Chairman Yarmuth on August Jobs Report: Additional federal support needed to help millions of Americans still out of work
Washington, D.C. – Today, Kentucky Representative John Yarmuth, Chairman of the House Budget Committee, released the following statement after the Bureau of Labor Statistics (BLS) reported that the economy added 1.4 million jobs in August and the unemployment rate decreased to 8.4 percent. Despite these gains, the economy has recovered less than half of the 22.2 million jobs lost since the coronavirus pandemic hit our nation and hiring continues to slow. The number of jobs added in August was down by approximately 360,000 from July and 3.4 million from June, and the numbers of workers who have been permanently laid off surged.
“As we head into Labor Day weekend, we must recognize that, despite this welcome decrease in unemployment, more than 1 million American workers have filed unemployment claims each week for 24 weeks straight,” said Chairman Yarmuth. “We are six months into this crisis and still tens of millions of Americans are out of work through no fault of their own, more and more job losses are becoming permanent, 1 in 8 households are going hungry, millions of families are under the threat of eviction, and the unemployment gap between Black and white workers is now the largest we’ve seen since 2014. Without additional federal support, this is an emergency with no end in sight.

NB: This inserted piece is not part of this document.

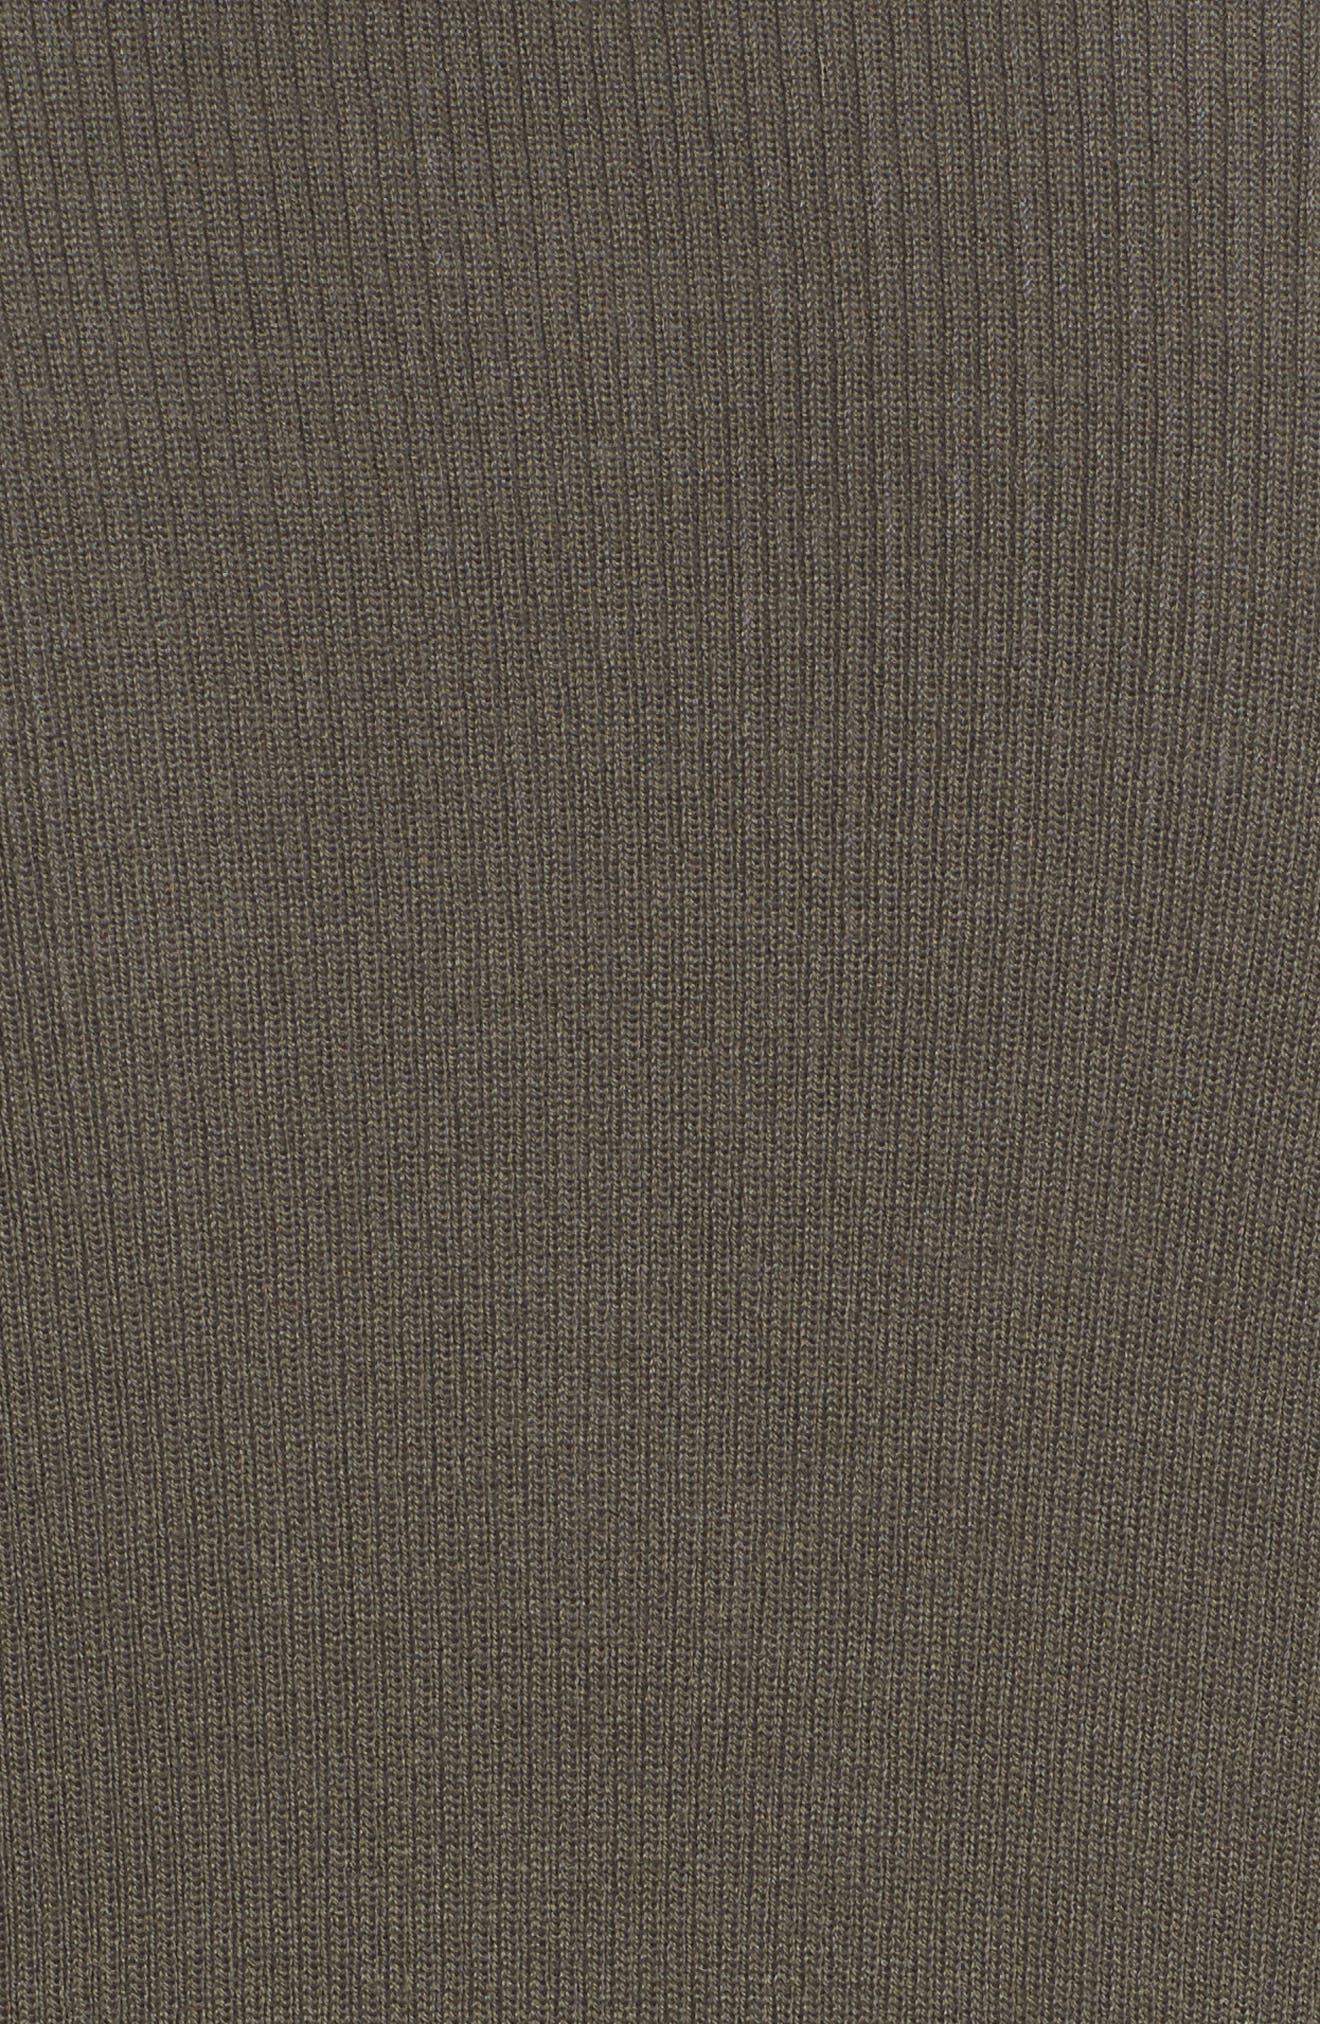 Rib Knit Wool Blend Cardigan,                             Alternate thumbnail 88, color,
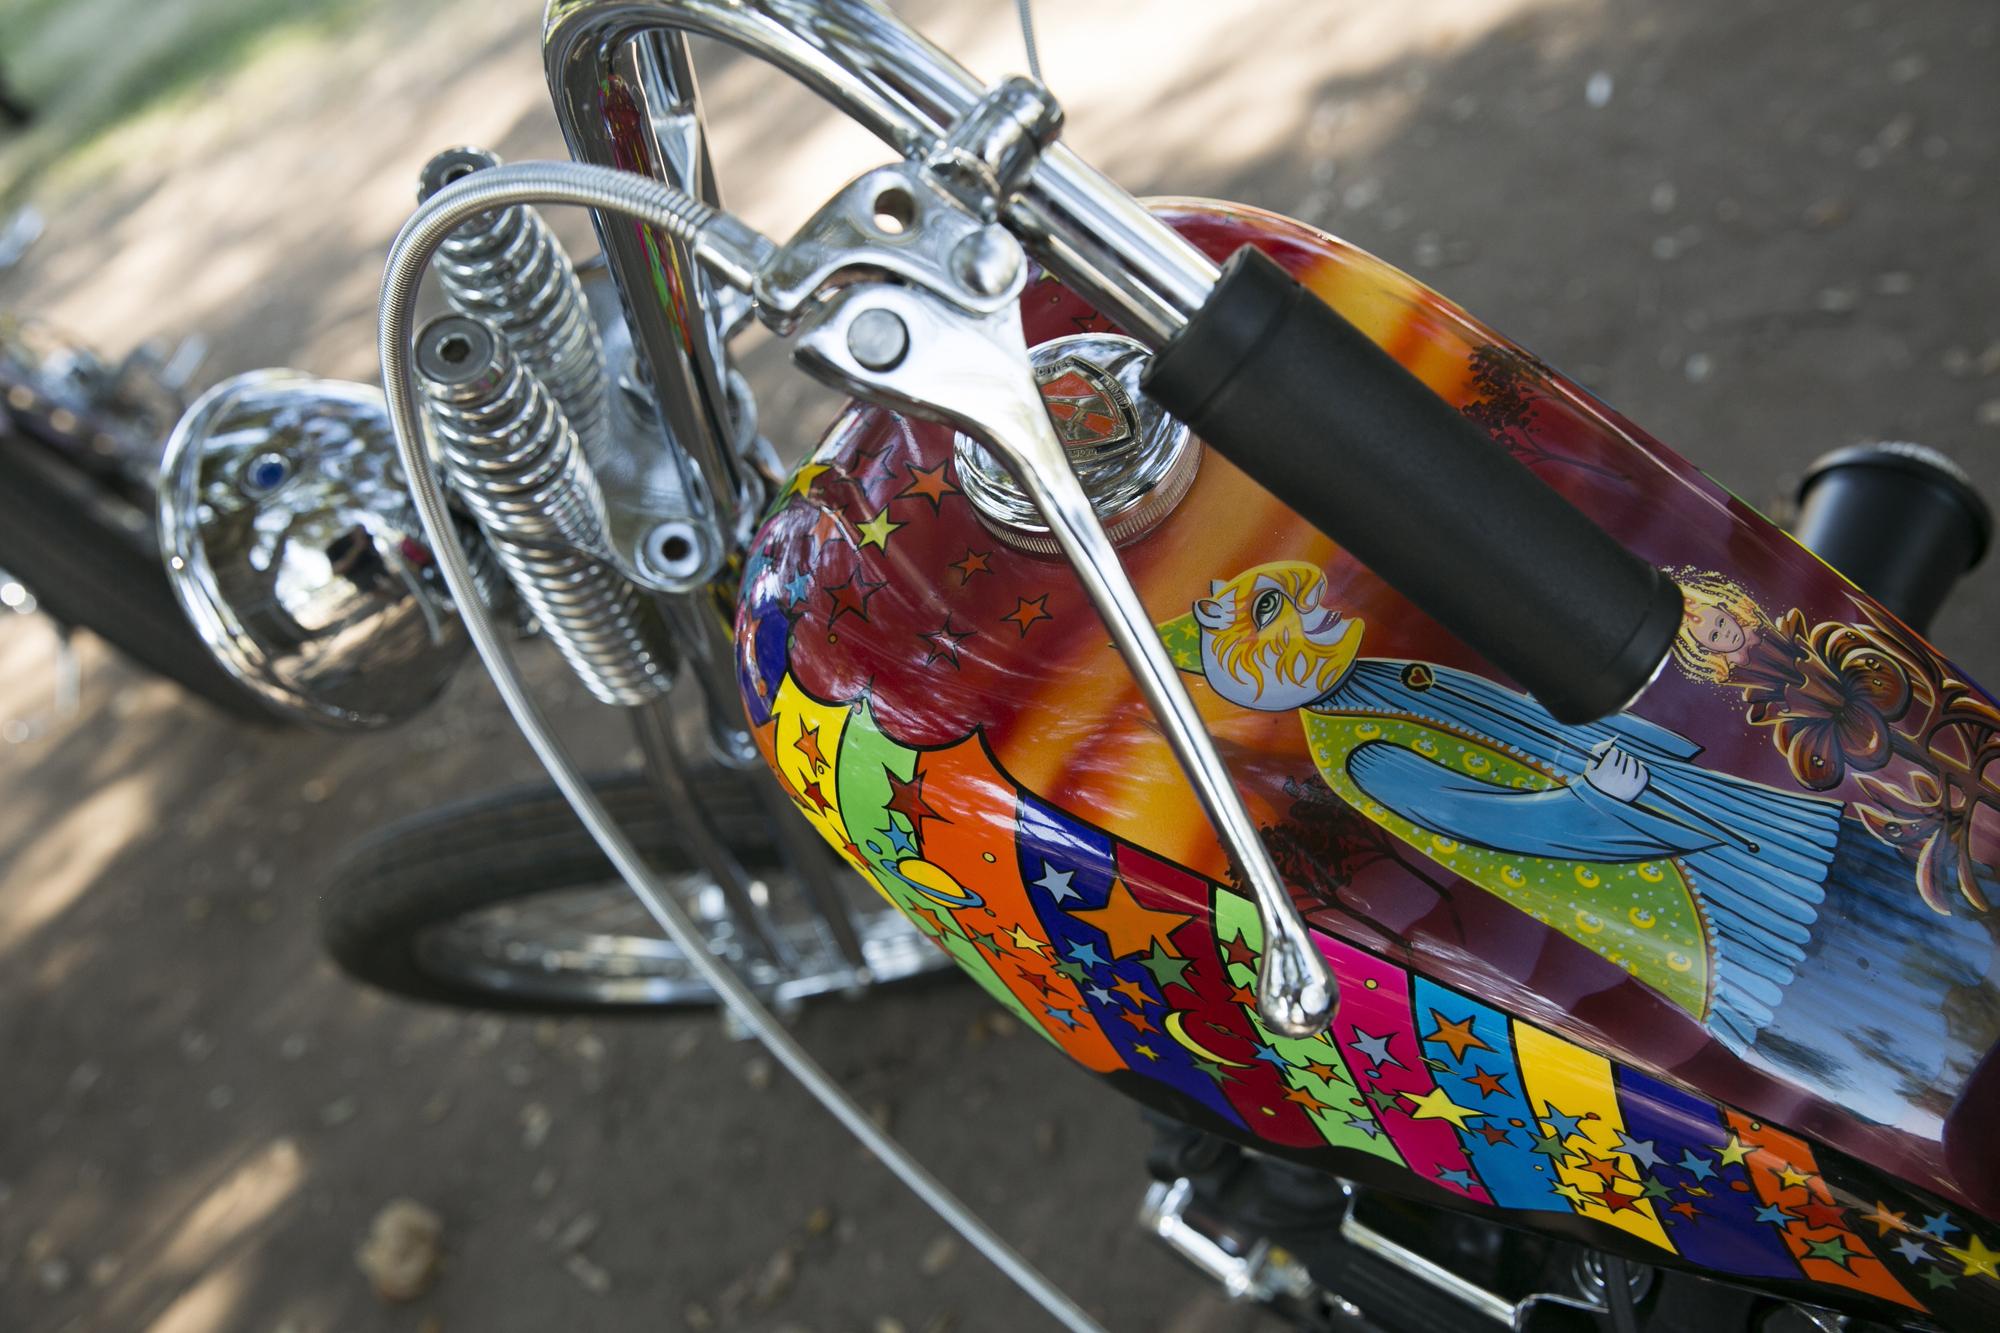 Born Free 8 Motorcycle Show-109.jpg

“With their continued inaction, Republicans have demonstrated an inconceivable tolerance for Americans’ suffering. House Democrats passed the Heroes Act more than 100 days ago and remain committed to fighting for America’s working families, supporting our state and local communities, and hastening our recovery by getting the virus under control. We have a responsibility to see our nation through these crises, and the President and Republicans must start taking their jobs seriously.”
Additional numbers of note:
- Employment in government accounted for 25 percent of the total job gains in August, including the hiring of 238,000 temporary Census workers.
- State and local governments added 93,000 jobs on net but remain down more than 1.1. million jobs from six months ago.
- Unemployment rates fell for each racial group but remain highly disparate. Unemployment among white workers fell to 7.3 percent – the only group with unemployment in the single-digits – compared to 10.5 percent for Hispanic Americans, 10.7 percent for Asian Americans, and 13.0 percent for Black Americans.
- Long-term unemployment continued to increase. As of August, 1.6 million people have been unemployed for 27 weeks or longer, up more than half a million since February. The long-term unemployed composed approximately 12 percent of all unemployed people, up from 9.2 percent in July.